Setting foot on Argo, the capital city of the Hereditary Monarchy of Hydra, the first thing I noticed was how clean the air smelled. I breathed in and shivered, tasting the subtle differences. Growing up on Stumble had burned subtle out of my nostrils -- but visiting a dozen worlds had given me a sense for it. Like Masque Macabre had a tang of ozone, a reek of concrete, an omnipresent snarling bite at the back of the throat -- an iron whip crack of shed blood. I hadn't even realized how present it was until I had set foot on another world.
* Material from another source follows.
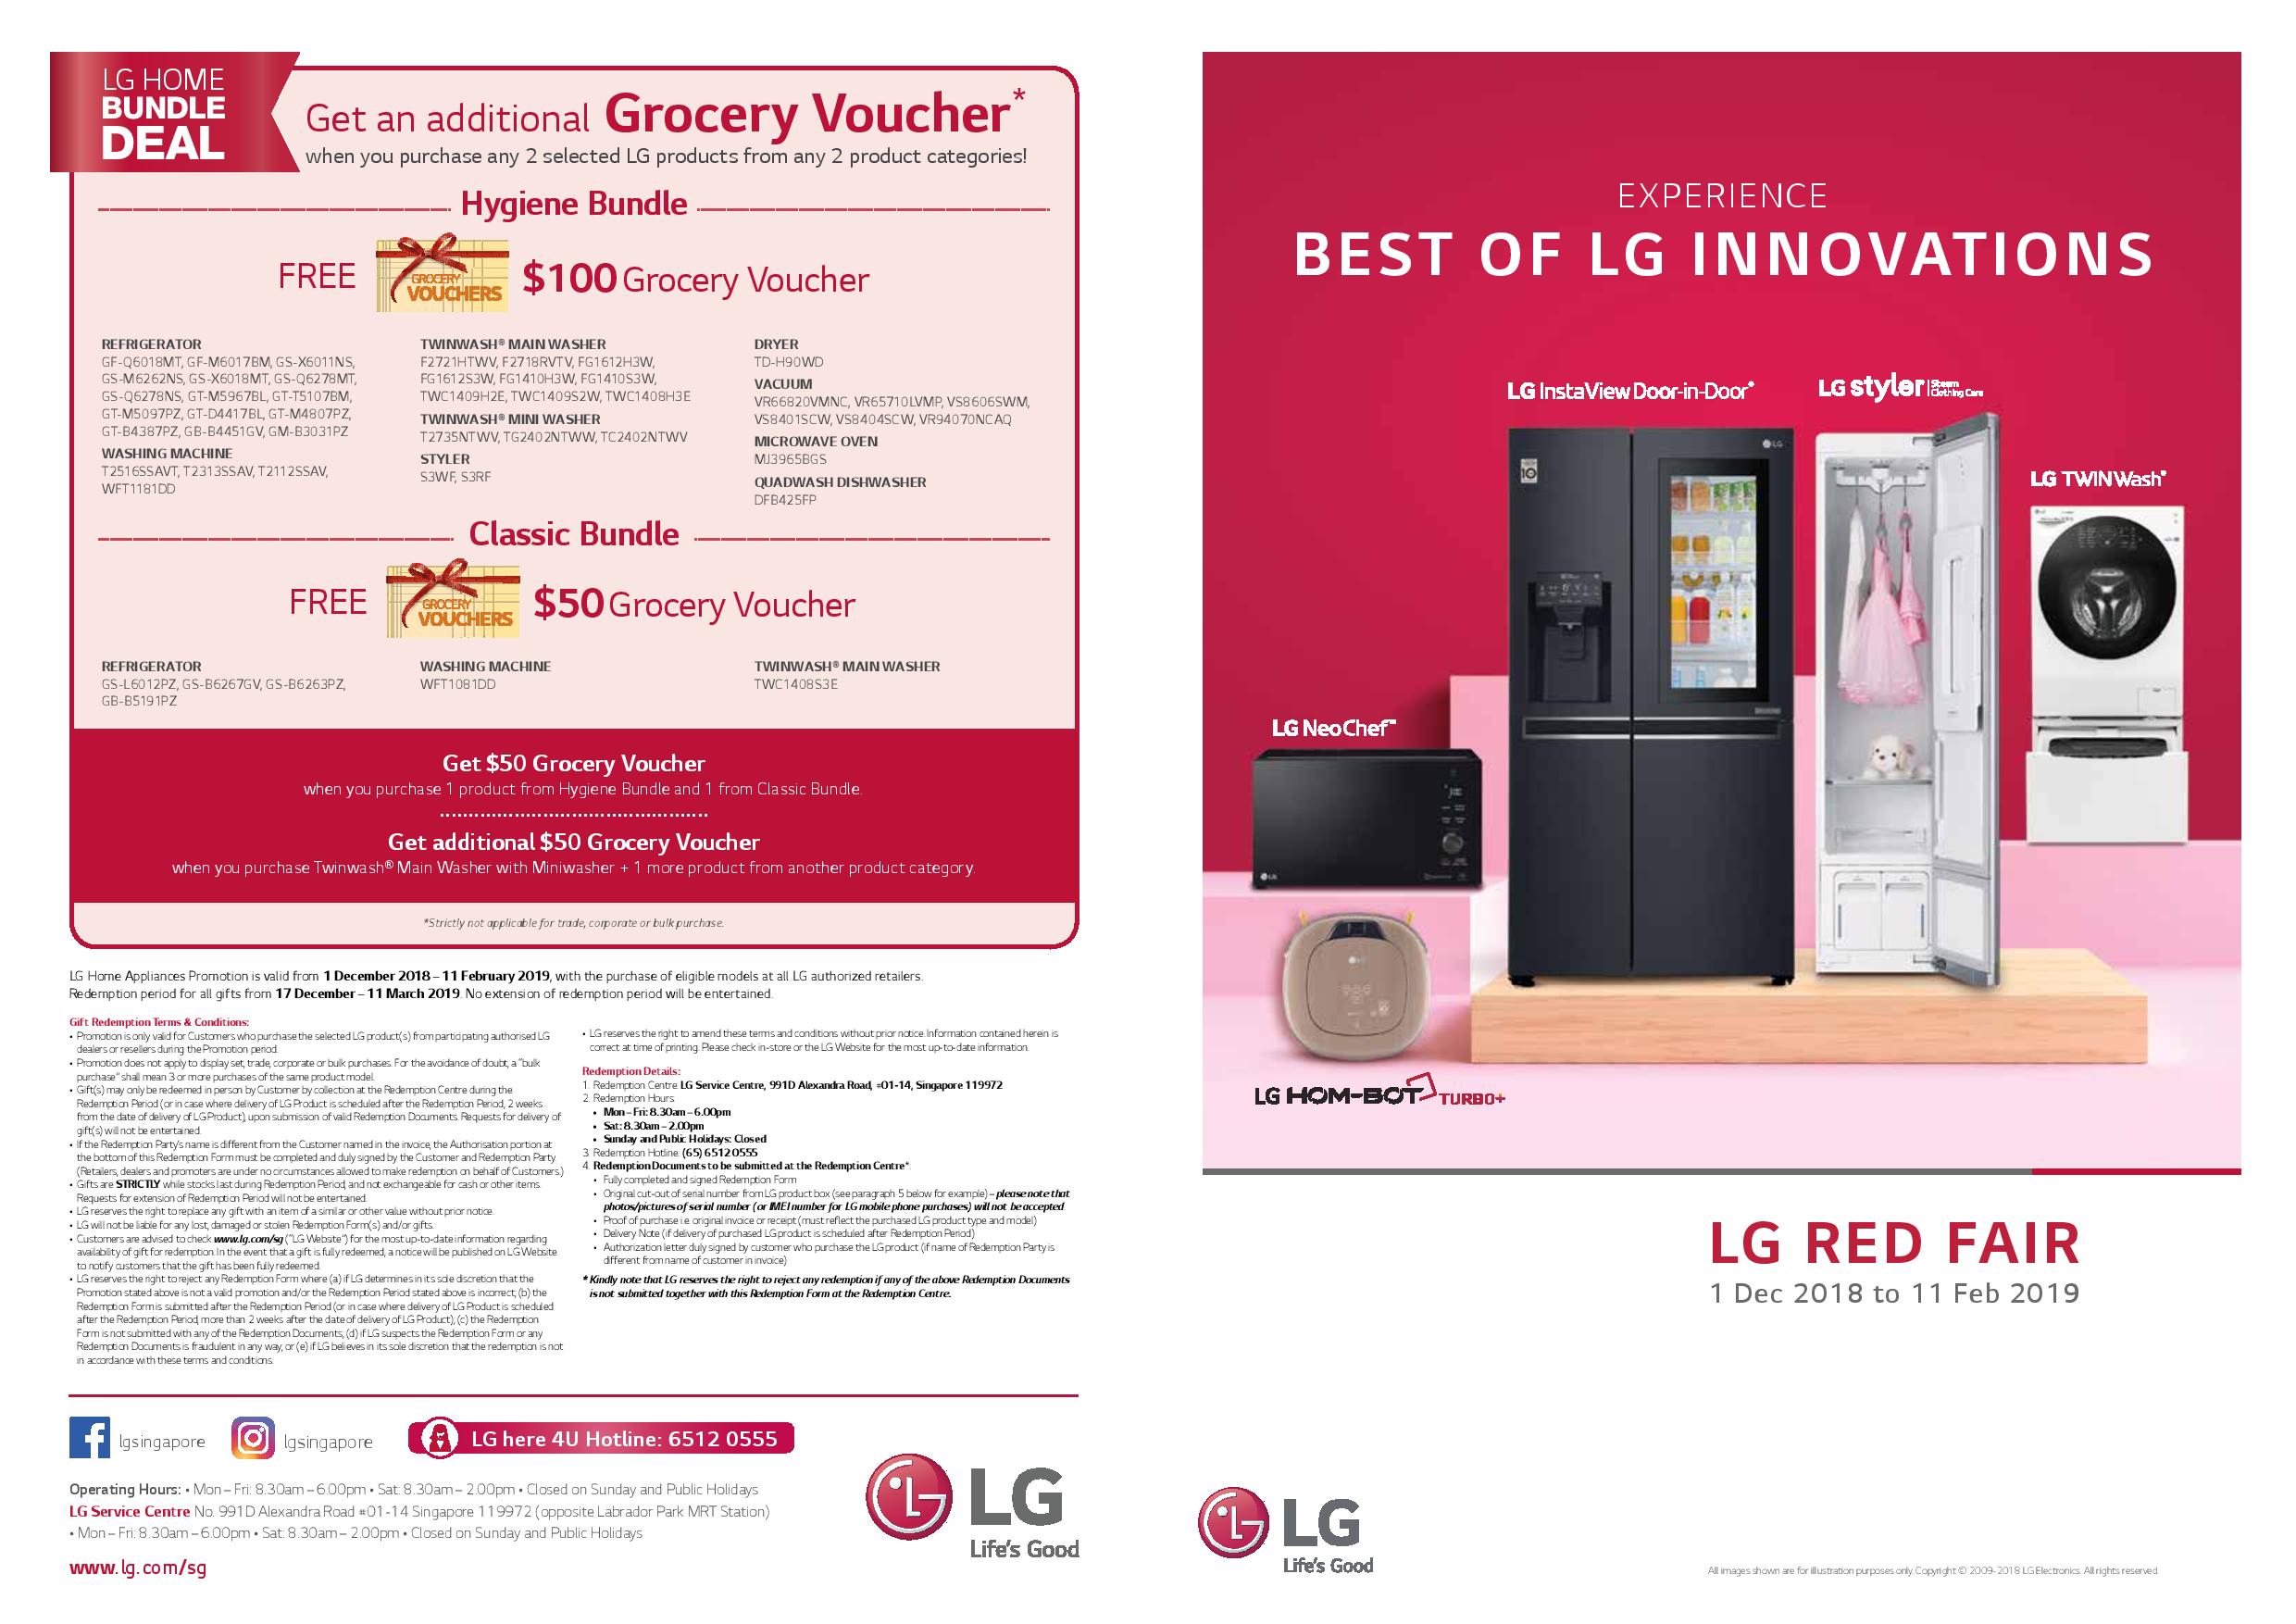 LG Red Fair to Celebrate CNY 2019 !

Argo straddled the terrifying wildness of, say, Glittergem and the plastic smog of Stumble. It smelled clean, but it still smelled like a city. And that city was pleasant. All rounded curves and broad walkways, gardens along the balconies and creeping vines on the walls. Several maglev trains came in and out of the starport, unloading a huge in-system hauler that had brought in what looked like a few mountains from the asteroid belt.

Our shuttle looked pretty piddling next to that.

Three men advanced. Two were in green and black uniforms, while the last was in a fancier green and black uniform, with a white capee and a tall, cylindrical hat. He doffed the hat and tucked it under one arm. "Welcome sundivers to the Parliamentarian Monarchy of Hydra."